- [Exercise data]
--*--

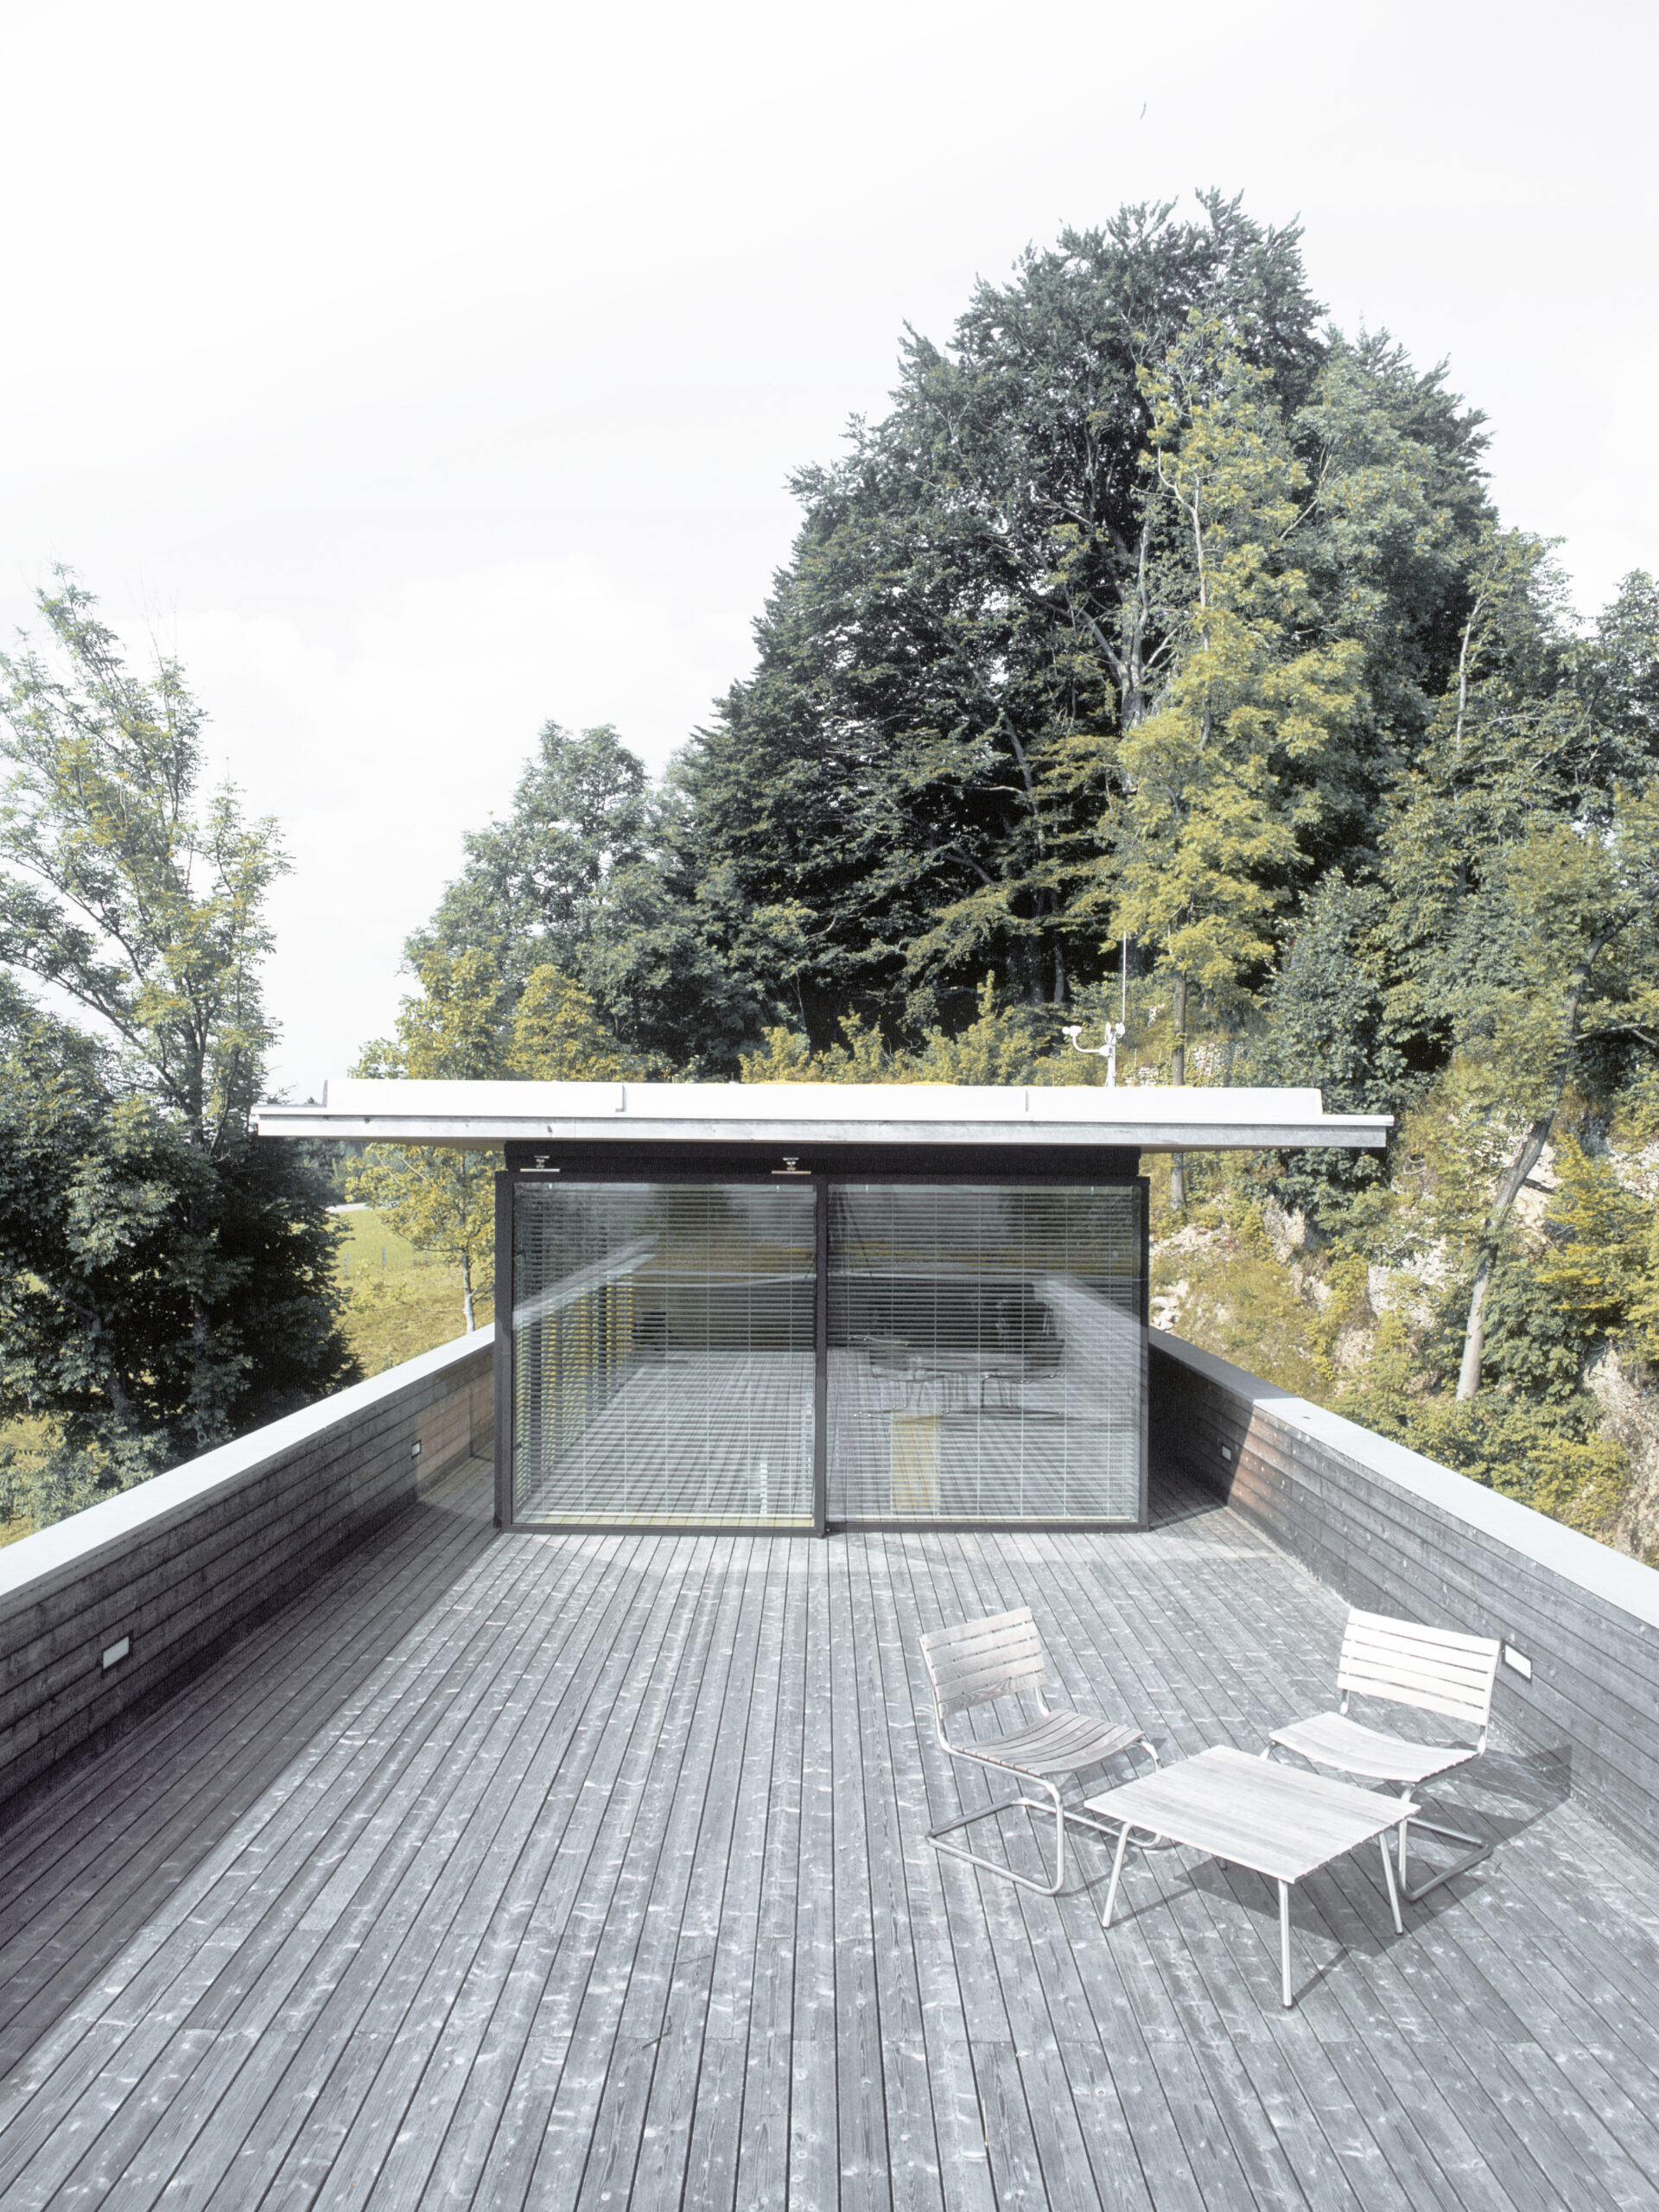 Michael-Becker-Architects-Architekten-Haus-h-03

--*--

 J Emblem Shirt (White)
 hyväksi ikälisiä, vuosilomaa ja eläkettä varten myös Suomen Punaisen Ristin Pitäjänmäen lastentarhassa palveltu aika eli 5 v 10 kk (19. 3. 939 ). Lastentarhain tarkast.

--*--

- [Aim of the task]
Out of the material above, output word for word the line with "J Emblem Shirt (White)", the line with "hyväksi ikälisiä, vuosilomaa", and all lines between them, with nothing else.

- [Output for this task]
 J Emblem Shirt (White)
 hyväksi ikälisiä, vuosilomaa ja eläkettä varten myös Suomen Punaisen Ristin Pitäjänmäen lastentarhassa palveltu aika eli 5 v 10 kk (19. 3. 939 ). Lastentarhain tarkast.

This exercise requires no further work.